Das BGEID sieht ein umfassendes Konzept zum Schutz der verschiedenen Datenkategorien vor, um die es bei Einsatz der E-ID gehen wird. Dazu Folgendes:
- Datensparsamkeit: Die Nutzerin kann durch selektiven Einsatz der staatlich bestätigen E-ID verhindern, dass zu viele Nutzungsdaten über sie anfallen. Sie kann sich beim Einsatz auf jene Use Cases beschränken, mit denen sie ein persönliches Erscheinen vor einer Behörde abwenden kann. Es handelt sich um wenige Fälle pro Jahr. Hier hilft ihr zunächst Art. 6 Abs. 2 revDSG (Verhältnismässigkeitsgrundsatz) und Art. 6 Abs. 4 revDSG (Löschpflicht des IdP, wenn Daten nicht mehr nötig sind; d.h. meist schon nach wenigen Wochen). Weiter hilft ihr Art. 15 Abs 1 lit, k BGEID: Der IdP muss die in Bezug auf eine Person bei ihm gespeicherten Daten spätestens nach sechs Monaten wieder löschen (Maximalfrist).
- Pflicht zur Datenhaltung in der Schweiz: Der IdP muss seine Systeme in der Schweiz haben und hier behalten. Ein Systemtransfer ins Ausland oder der Beizug von Unterdienstleistern im Ausland ist verboten, wenn sie in irgendeiner Weise Zugriff auf Daten erhalten. Dies ergibt sich aus Art. 13 Abs. 2 lit. e BGEID.
- Pflicht zur Datentrennung: Der IdP muss Personenidentifizierungsdaten, Nutzungsdaten und Nutzungsprofile jeweils getrennt voneinander aufbewahren. Die Datentrennung muss dem Zweck des Angriffsschutzes dienen.

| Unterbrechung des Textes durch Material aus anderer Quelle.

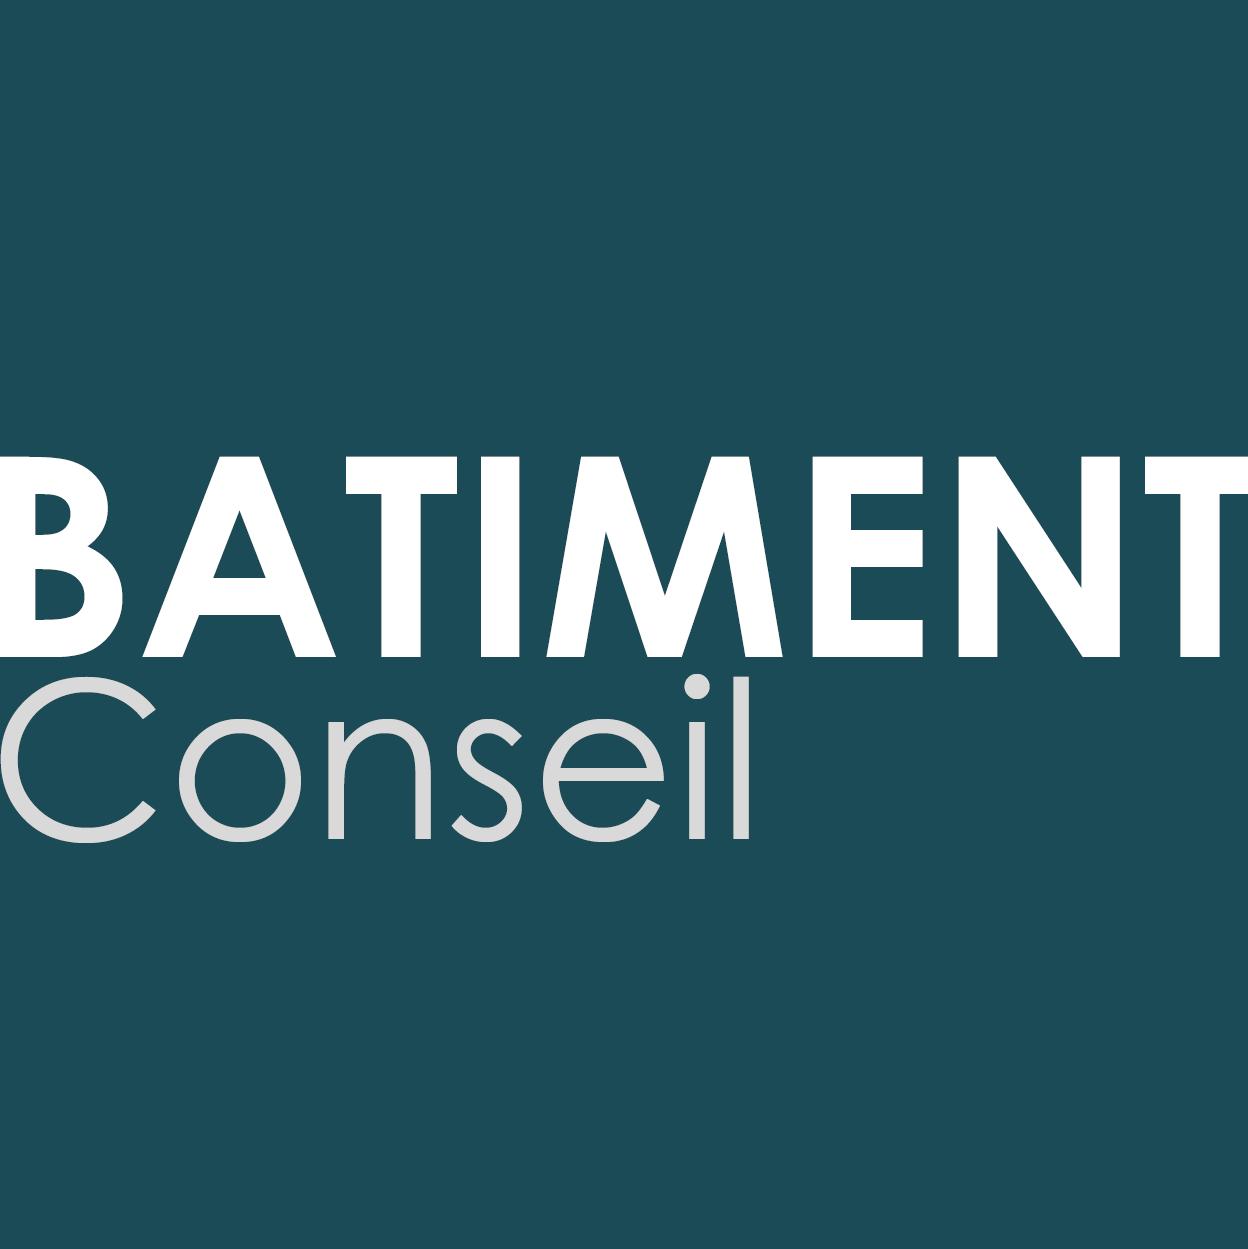 BATIMENT Conseil - logo
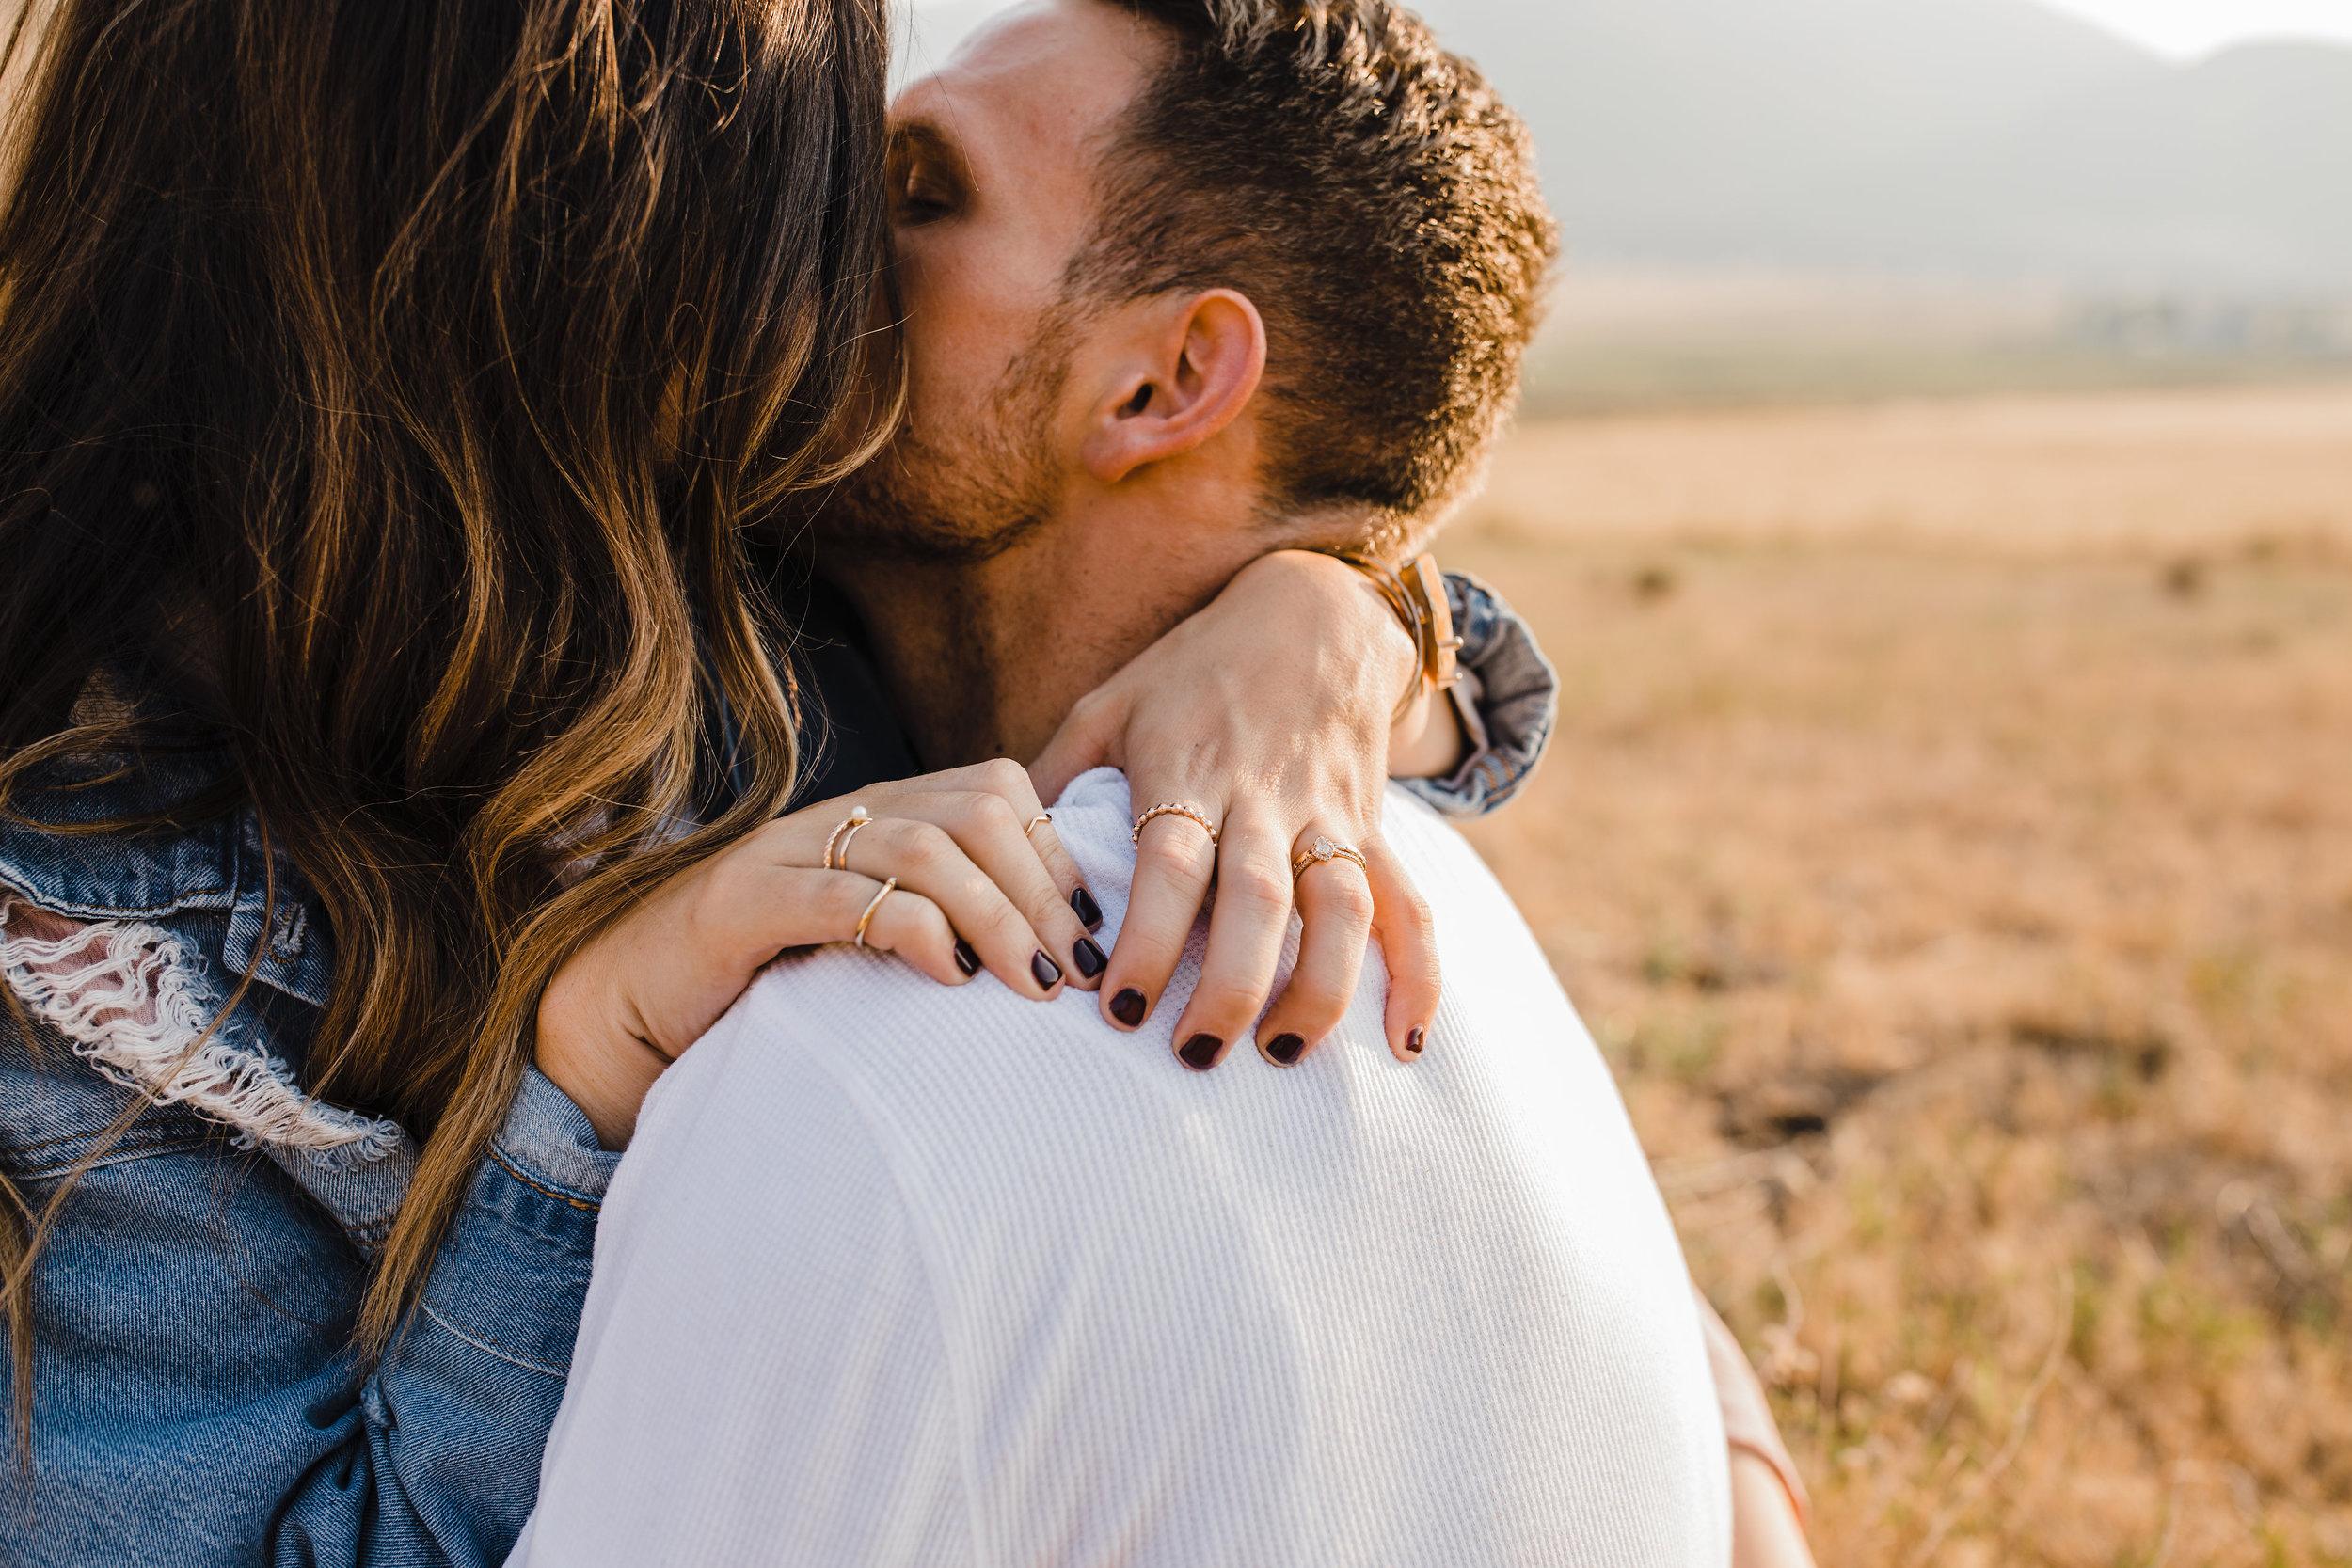 professional mantua utah couples photographer hugging rings black finger nails

Dies verlangt Art. 9 Abs. 3 BGEID ausdrücklich.
- Zwecklimitierung: Art. 9 Abs. 1 BGEID verbietet es dem IdP, Personenidentifizierungsdaten gemäss Art. 5 BGEID zu anderen Zwecken zu verwenden als zu Identifizierungen gemäss BGEID (siehe den vorstehenden Ablauf). Es ist ihm also z.B. verboten, Mutmassungen anzustellen über die Surf History der Nutzerin und natürlich umso mehr, Aufzeichnungen darüber in seinen Systemen zu speichern. Der IdP darf dies selbst dann nicht, wenn die Nutzerin ihm dies in einem Nutzungsvertrag erlauben würde. Damit geht das BGEID über das revDSG hinaus; denn unter dem revDSG wäre zulässig, eine Zweckerweiterung in den Nutzungsvertrag zu schreiben. Das geht unter dem BGEID nicht.
- Verknüpfungsverbote: Es ist dem IdP verboten, andere Verknüpfungen zu Personenidentifizierungsdaten vorzunehmen. Ebenso ist es dem IdP verboten, Erkenntnisse aus einem allenfalls parallel dazu angebotenen privaten Nutzungsverhältnis mit der Nutzerin mit E-ID-Daten zu verknüpfen. Dies ergibt sich ebenfalls aus Art. 9 Abs. 1 BGEID.
- Kommerzialisierungsverbot: Es ist dem IdP verboten, die Daten zu kommerzialisieren. Zum Beispiel ist ihm ein Verkauf der Daten über die Nutzerin verboten. Dass der IdP für seine Dienste ein Entgelt verlangt, ist nicht verboten. Ein privater IdP muss den Dienst nicht kostenlos anbieten. Natürlich nicht!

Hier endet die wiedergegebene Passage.